1.- CIRCUNSTÂNCIAS A RELEVANTES.
1.º) A recorrente B..... compareceu em 2003/Abr./07 pelas 12H10, no posto da GNR de onde apresentou a queixa exarada a fls.3 dos autos principais, contra a recorrida C......, imputando-lhe o seguinte:
“No dia 04 de Abril de 2003, cerca das 19H30, a denunciante, dirigiu-se ao prédio onde reside a denunciada, a fim de ali contactar uma moradora no 2º Dt.º e que apenas conhece por "Jornalista", dona de um cão que havia atacado e mordido o cão da denunciante, quando se encontrava no patamar de entrada a conversar de forma amistosa sobre o assunto com a referida senhora, surgiu a denunciada que se encontrava no interior do apartamento desta e de imediato começou a agredir a soco a denunciante, provocando-lhe hematomas no braço esquerdo, aos quais recebeu tratamento médico no Hospital Dr. Eduardo dos Santos Silva - V.N. de Gaia, conforme ficha clínica nº 31933862 de 04/04/2003.

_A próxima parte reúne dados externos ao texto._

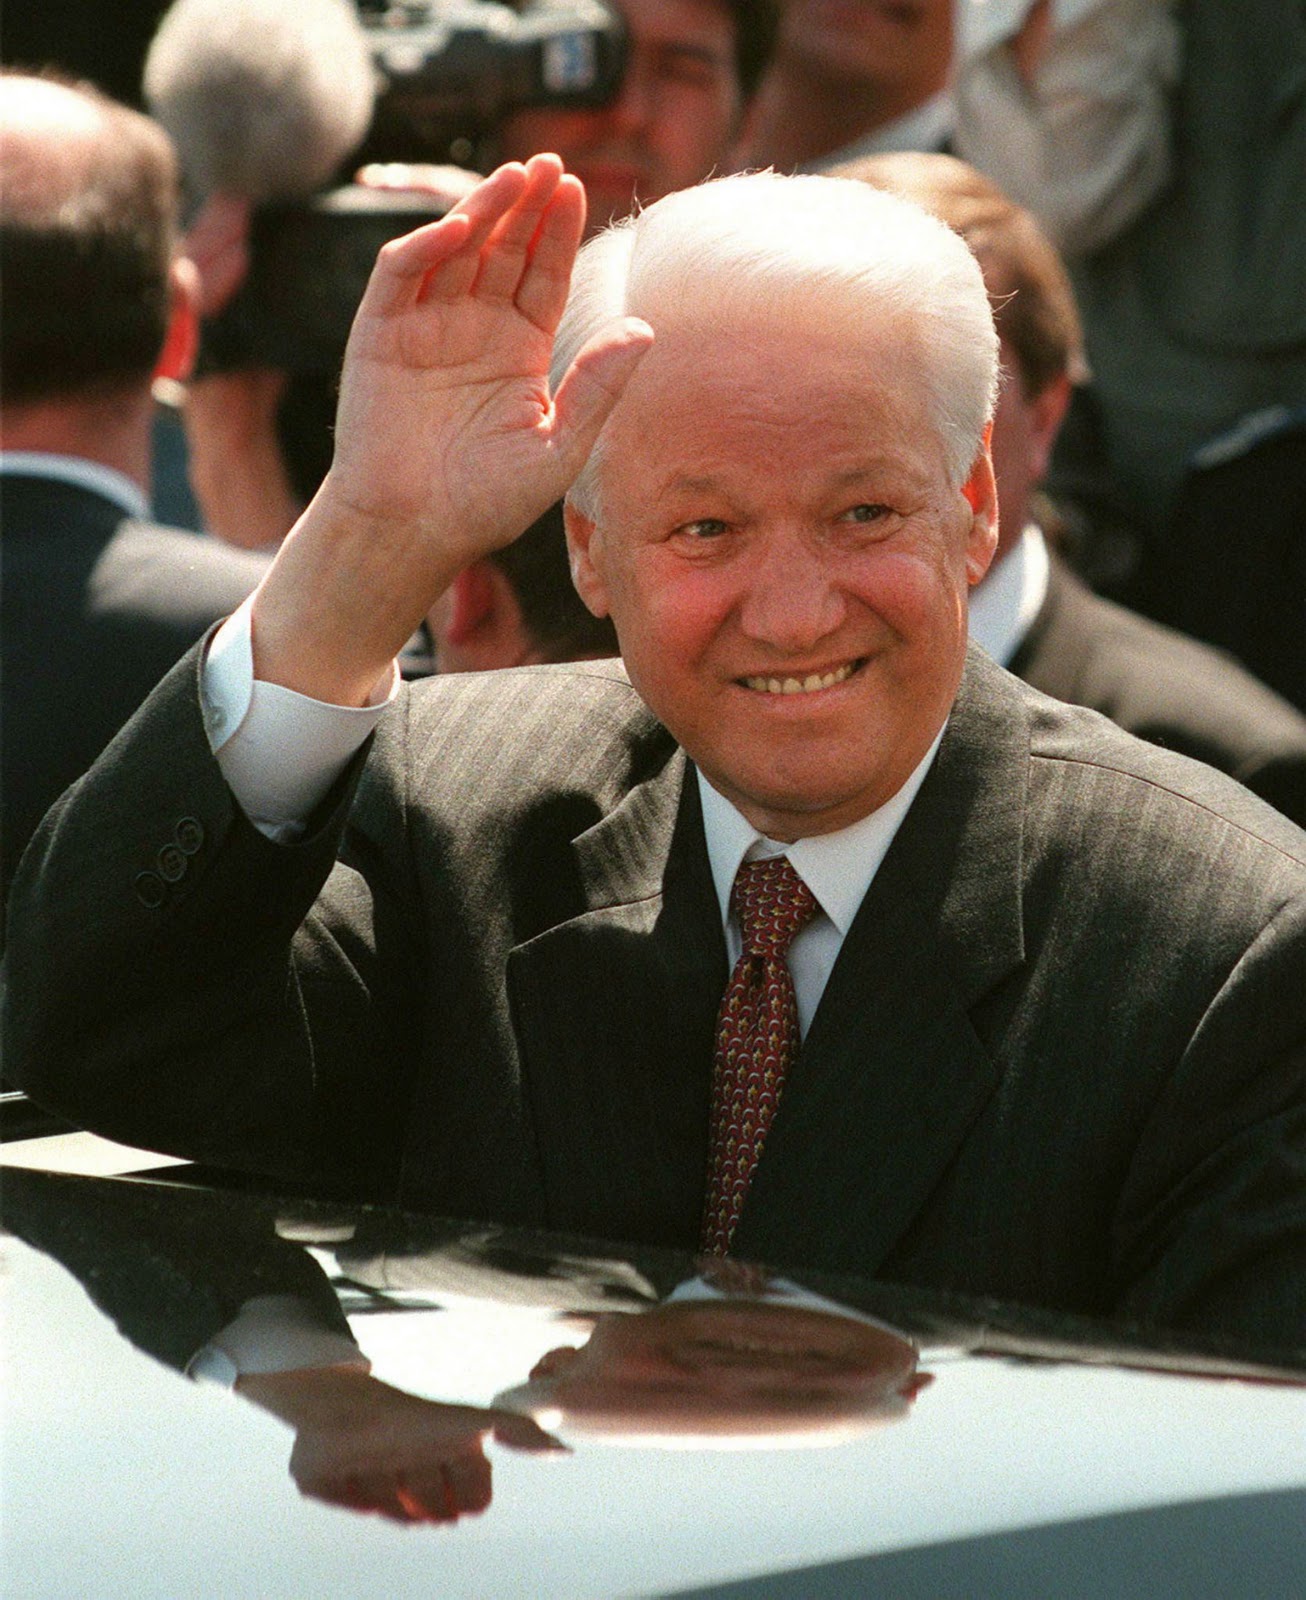 Личности политиками. Ельцин 1994. Горбачев танцует. Ельцин пьяный. "Комуза" Yeltsin.

Declara que pretende procedimento criminal contra a denunciada”
2.º) A mesma B...... compareceu em 2003/Mai./10 no Posto da GNR, prestando declarações sobre o sucedido, dizendo, entre outras coisas:
“Que a presente denunciante confirma na integra o conteúdo …por o mesmo corresponder à verdade…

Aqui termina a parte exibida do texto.